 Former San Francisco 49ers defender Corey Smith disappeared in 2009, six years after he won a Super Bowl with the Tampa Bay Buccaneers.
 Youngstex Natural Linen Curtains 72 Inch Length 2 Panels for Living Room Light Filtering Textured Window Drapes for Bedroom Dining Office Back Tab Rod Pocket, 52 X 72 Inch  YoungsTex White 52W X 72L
* * *
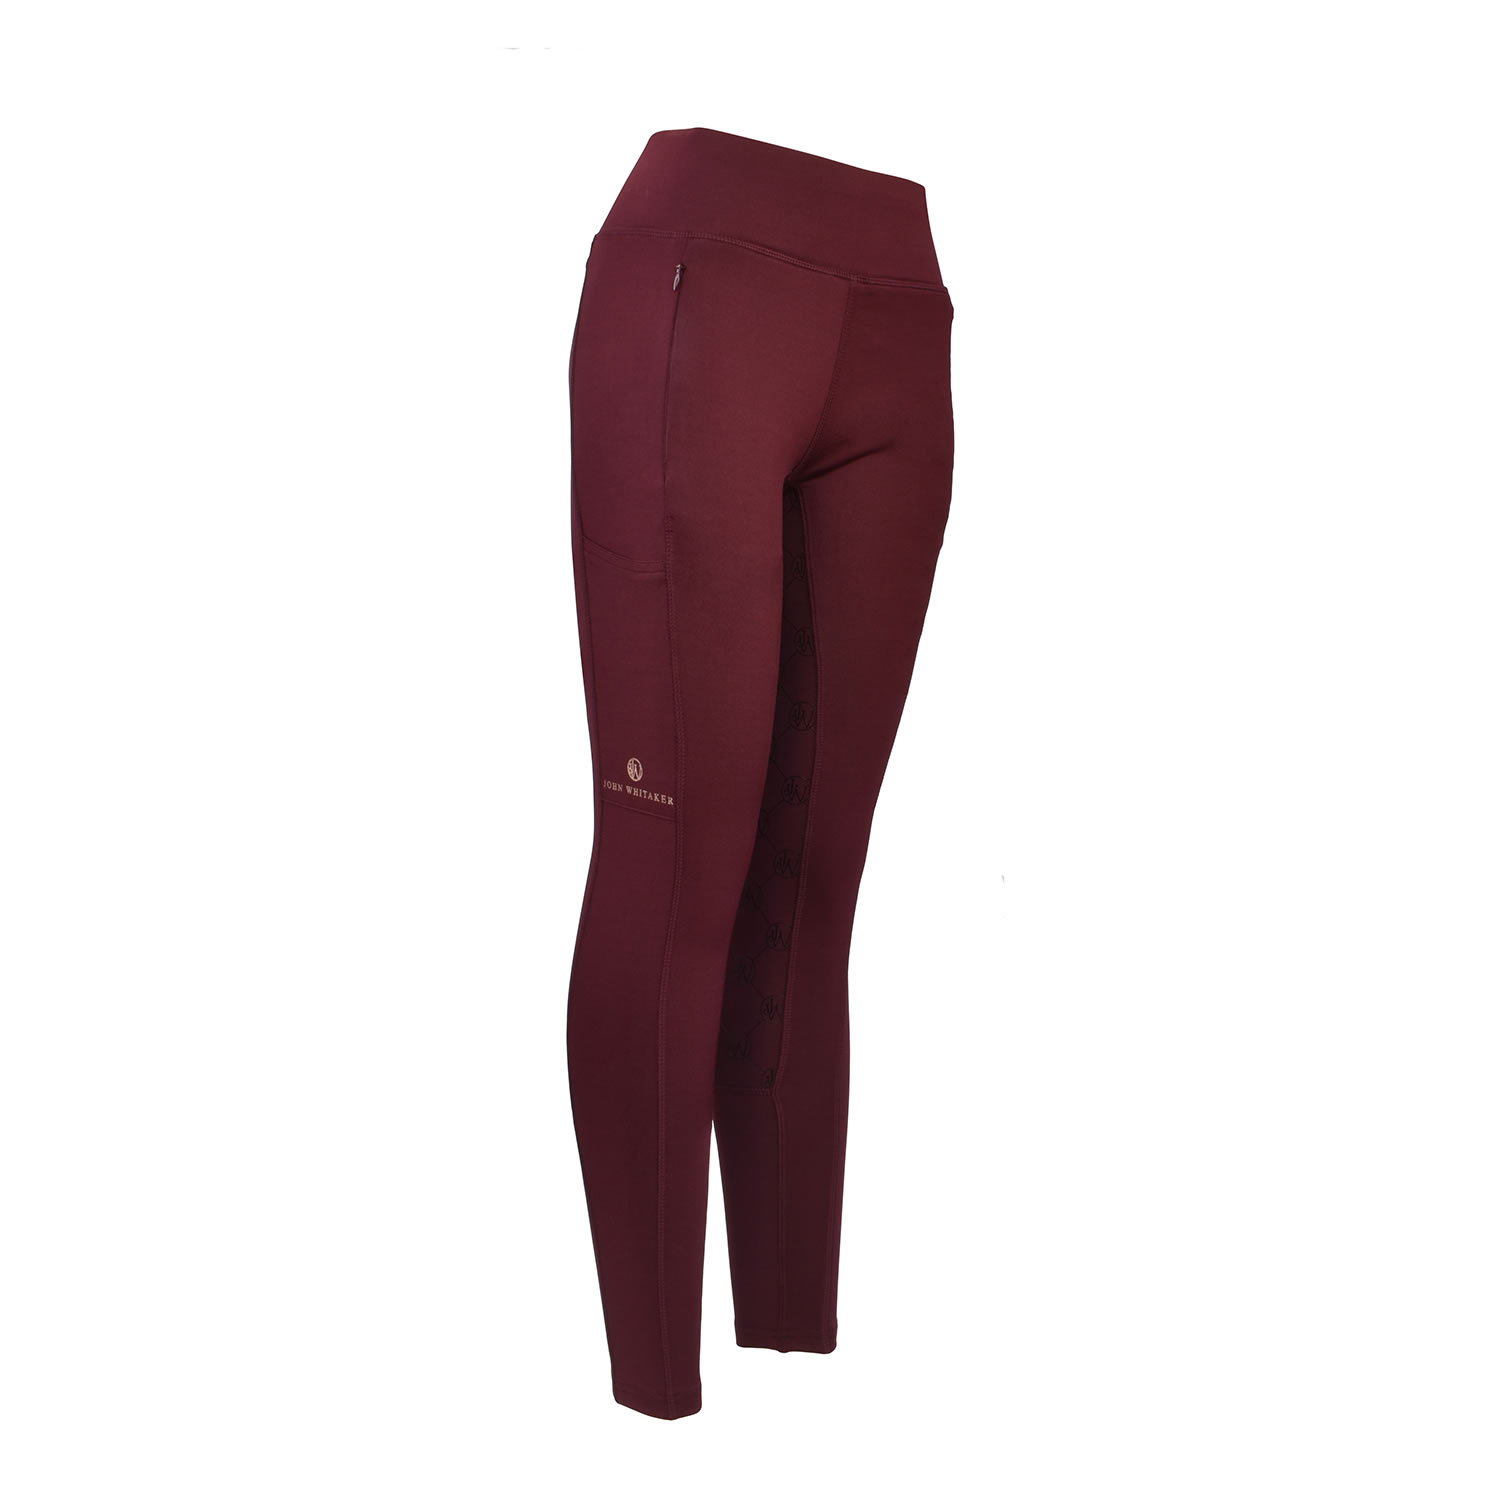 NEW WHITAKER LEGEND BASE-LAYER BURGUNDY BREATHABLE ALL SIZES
* * *
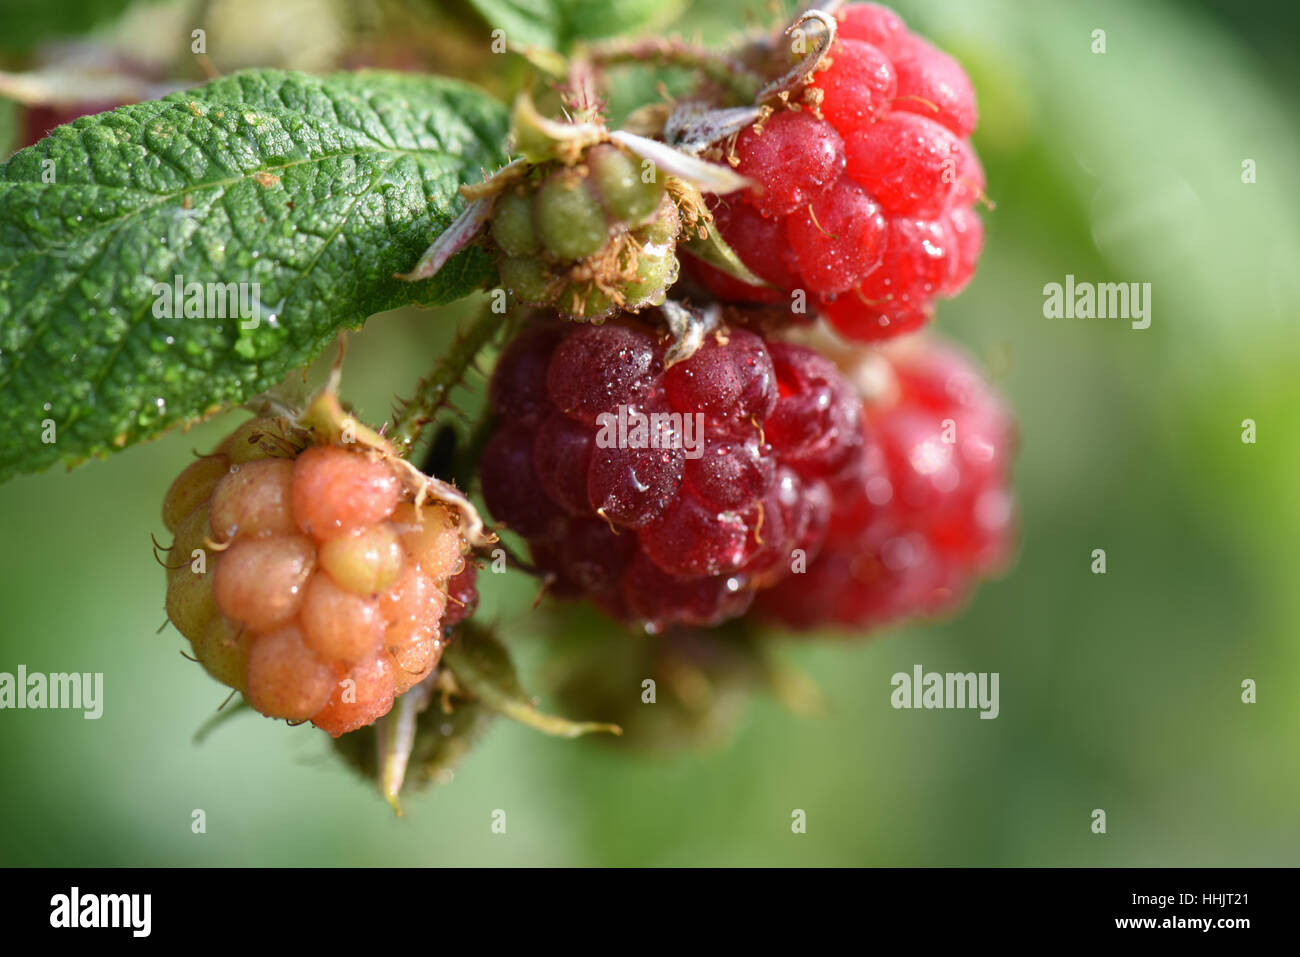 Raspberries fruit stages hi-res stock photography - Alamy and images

• _WHAT YOU HAVE TO DO_:
Retype the portion of the data above that starts on the line with "Former San Francisco" and finishes on the line with "Youngstex Natural Linen", including both of those lines.

• _YOUR RESPONSE_:
 Former San Francisco 49ers defender Corey Smith disappeared in 2009, six years after he won a Super Bowl with the Tampa Bay Buccaneers.
 Youngstex Natural Linen Curtains 72 Inch Length 2 Panels for Living Room Light Filtering Textured Window Drapes for Bedroom Dining Office Back Tab Rod Pocket, 52 X 72 Inch  YoungsTex White 52W X 72L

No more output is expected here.